DKPro Core - Convert a corpus in Penn Treebank bracketed format to Tiger XML

Conversion

Reads each Penn Treebank bracketed format file from the corpus in the specified folder and writes them to the target folder with Tiger XML format.

Copy the script to a file called penn2tiger.groovy and call it e.g. using groovy penn2tiger.groovy pennTreebankFile.txt .. This creates a file called pennTrebankFile.xml in Tiger XML format in the current directory.

@GrabResolver(name='ukp-oss-snapshots',
     root='http://zoidberg.ukp.informatik.tu-darmstadt.de/artifactory/public-snapshots')
@Grab(group='de.tudarmstadt.ukp.dkpro.core', 
  module='de.tudarmstadt.ukp.dkpro.core.io.tiger-asl', 
  version='1.7.1-SNAPSHOT')
@Grab(group='de.tudarmstadt.ukp.dkpro.core', 
  module='de.tudarmstadt.ukp.dkpro.core.io.penntree-asl', 
  version='1.7.1-SNAPSHOT')
 
import static org.apache.uima.fit.pipeline.SimplePipeline.*;
import static org.apache.uima.fit.factory.CollectionReaderFactory.*;
import static org.apache.uima.fit.factory.AnalysisEngineFactory.*;

import de.tudarmstadt.ukp.dkpro.core.io.tiger.*;
import de.tudarmstadt.ukp.dkpro.core.io.penntree.*;
 
// Assemble and run pipeline
runPipeline(
  createReaderDescription(PennTreebankCombinedReader,
    PennTreebankCombinedReader.PARAM_SOURCE_LOCATION, args[0]),
  createEngineDescription(TigerXmlWriter,
    TigerXmlWriter.PARAM_TARGET_LOCATION, args[1],
    TigerXmlWriter.PARAM_STRIP_EXTENSION, true))

Note: If the script fails, check that any line that does not start a sentence is indented. If necessary, add a space at the beginning of a line.

Note: This script uses DKPro Core 1.7.1-SNAPSHOT because of the following two issues present in version 1.7.0.
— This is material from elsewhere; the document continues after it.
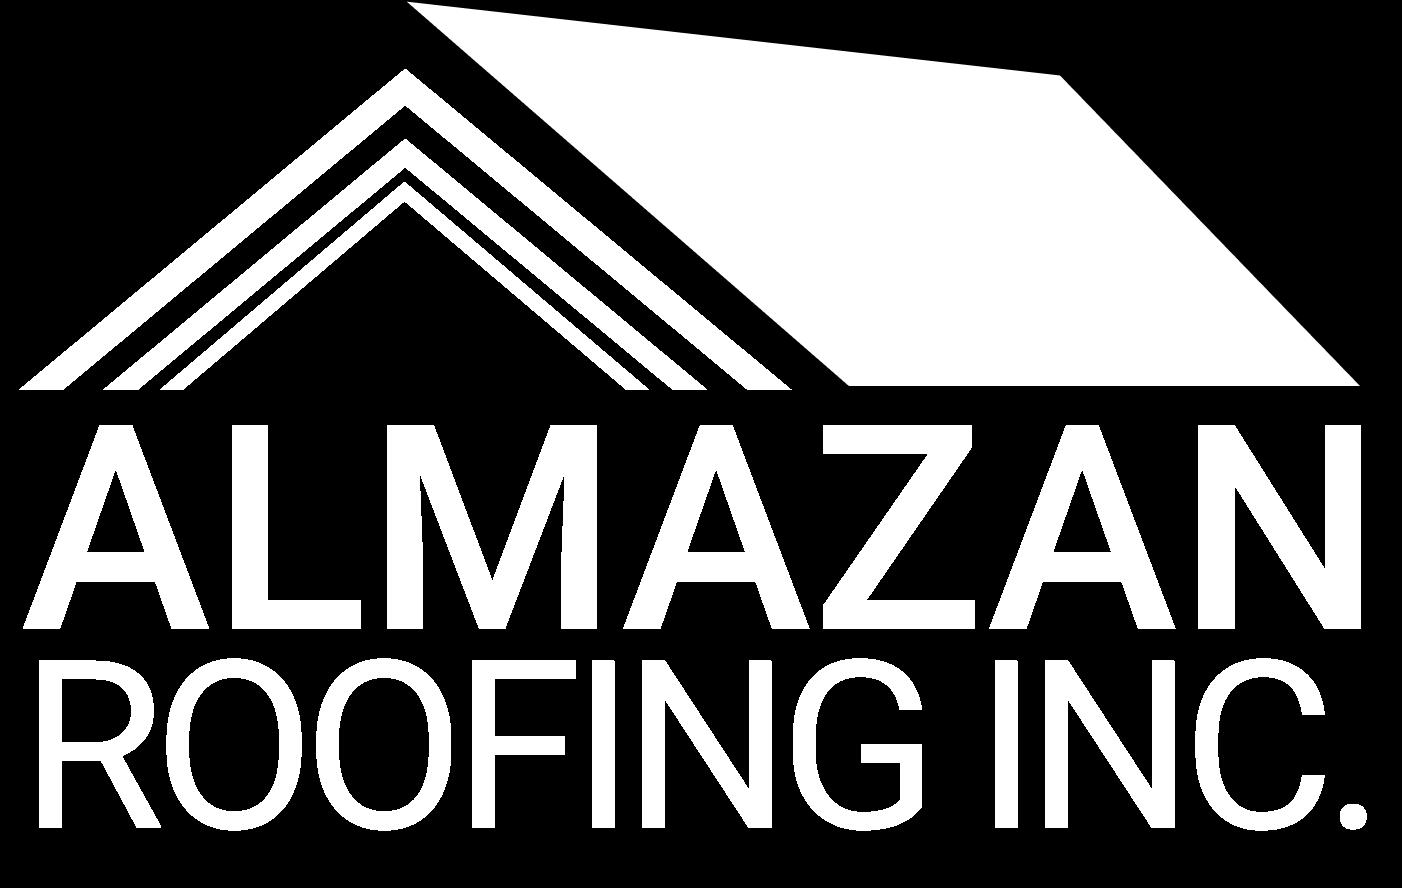 almazan roofing logo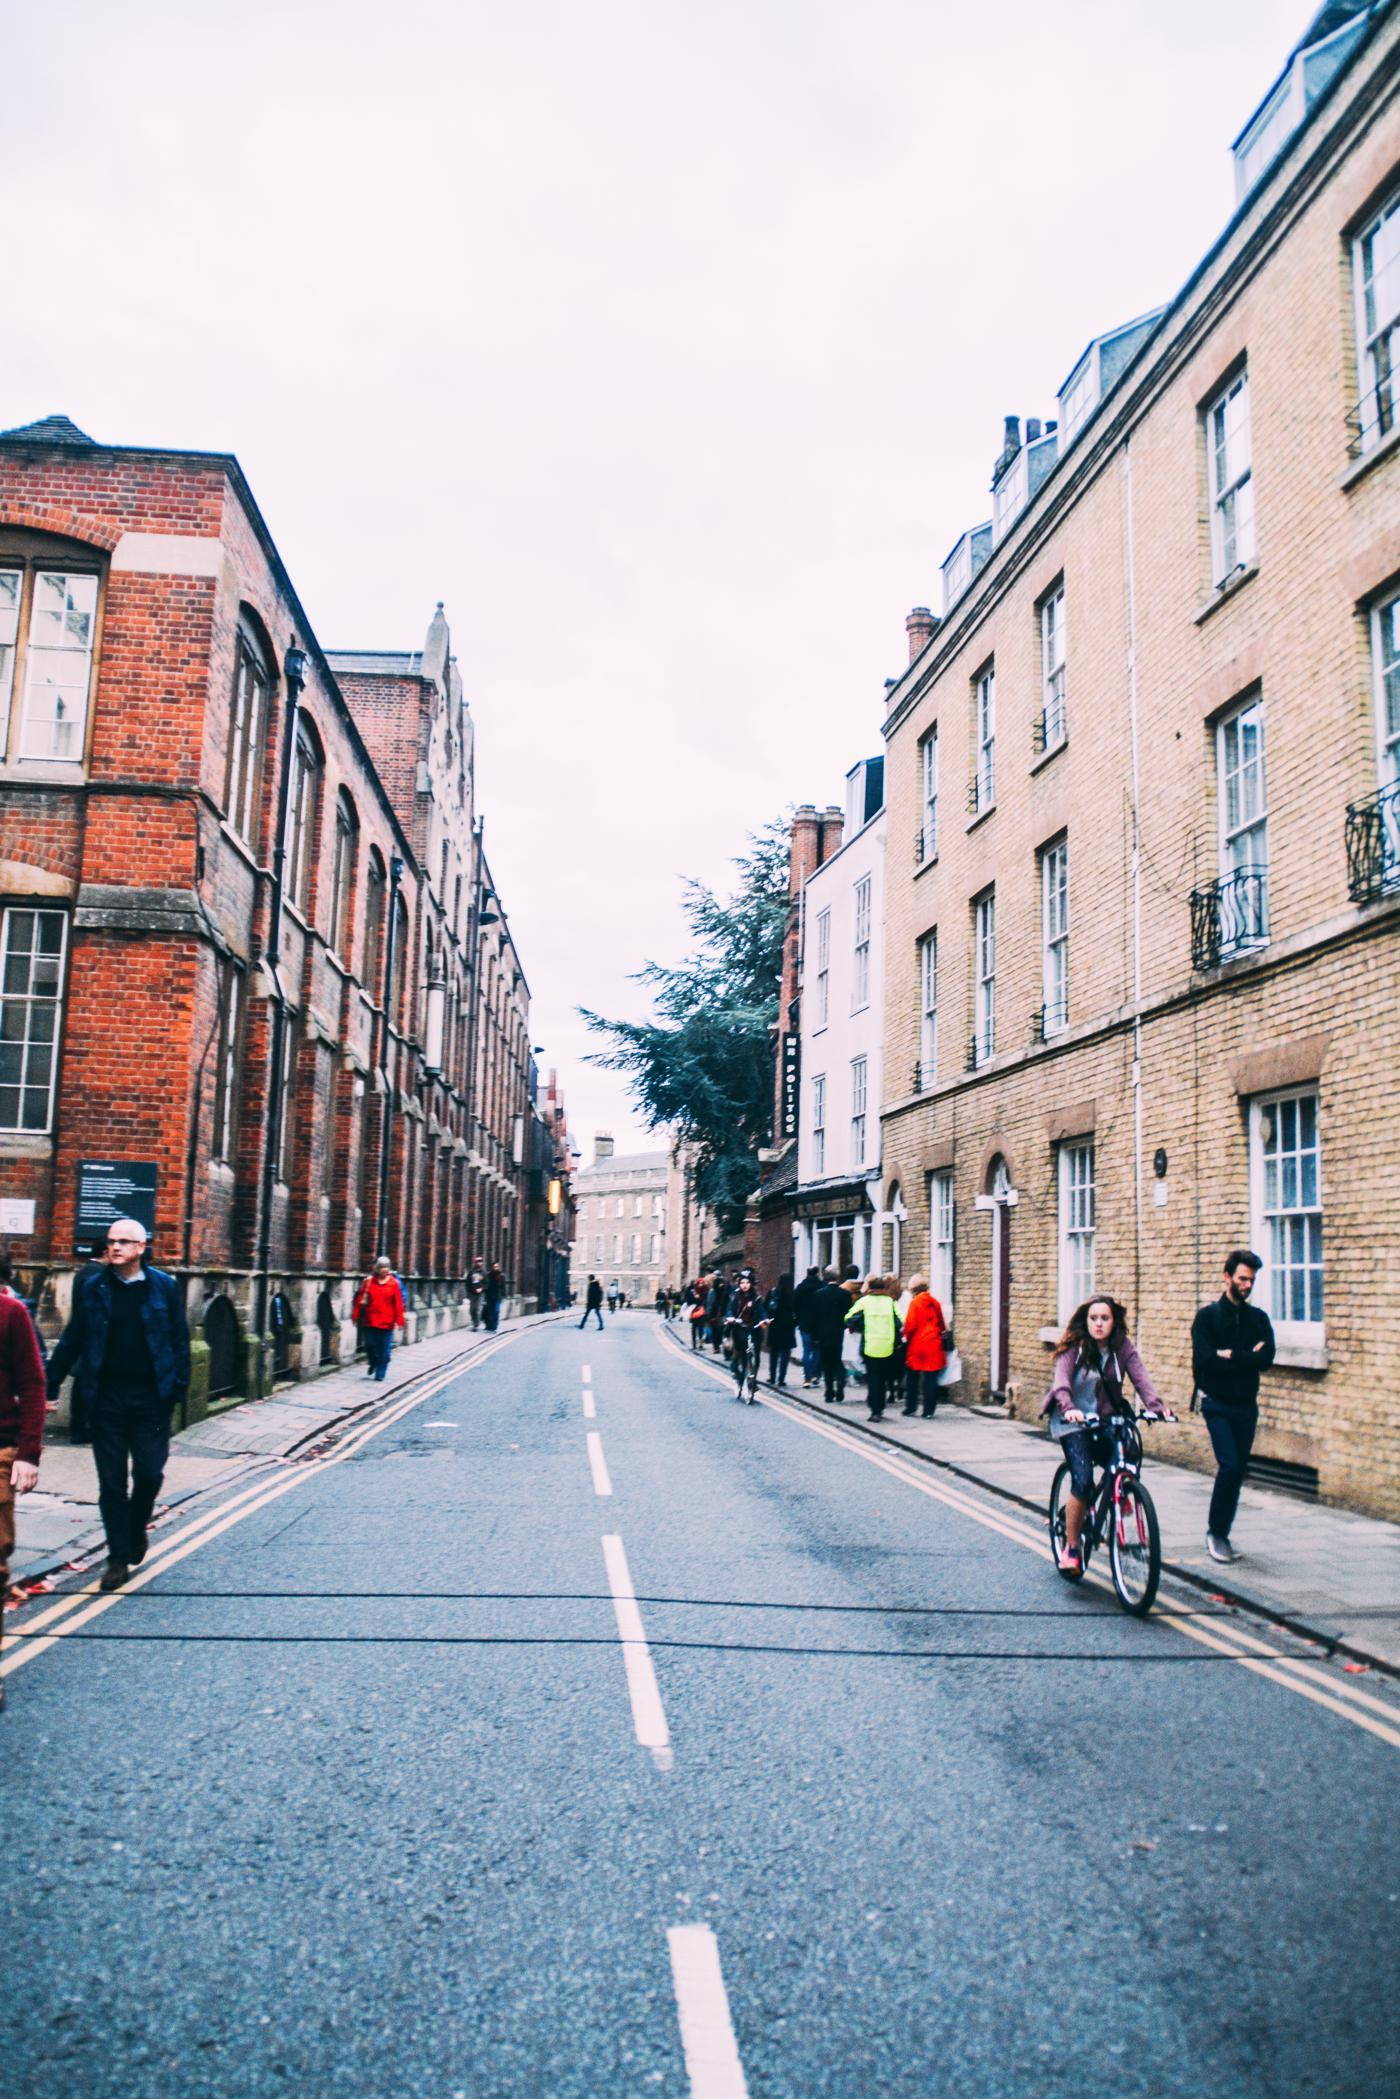 The University of Cambridge, Graduation, Senate House, Cambridge, England (4)

  • If the Penn Treebank file is malformed, an !EmptyStackException will be thrown (Issue 613)
  • A file is malformed e.g.:
    • if the brackets do not balance
    • if the tree is not properly indented, in particular, if a line that is not indented is not the start of a tree (alleviated but not fixed by Issue 612)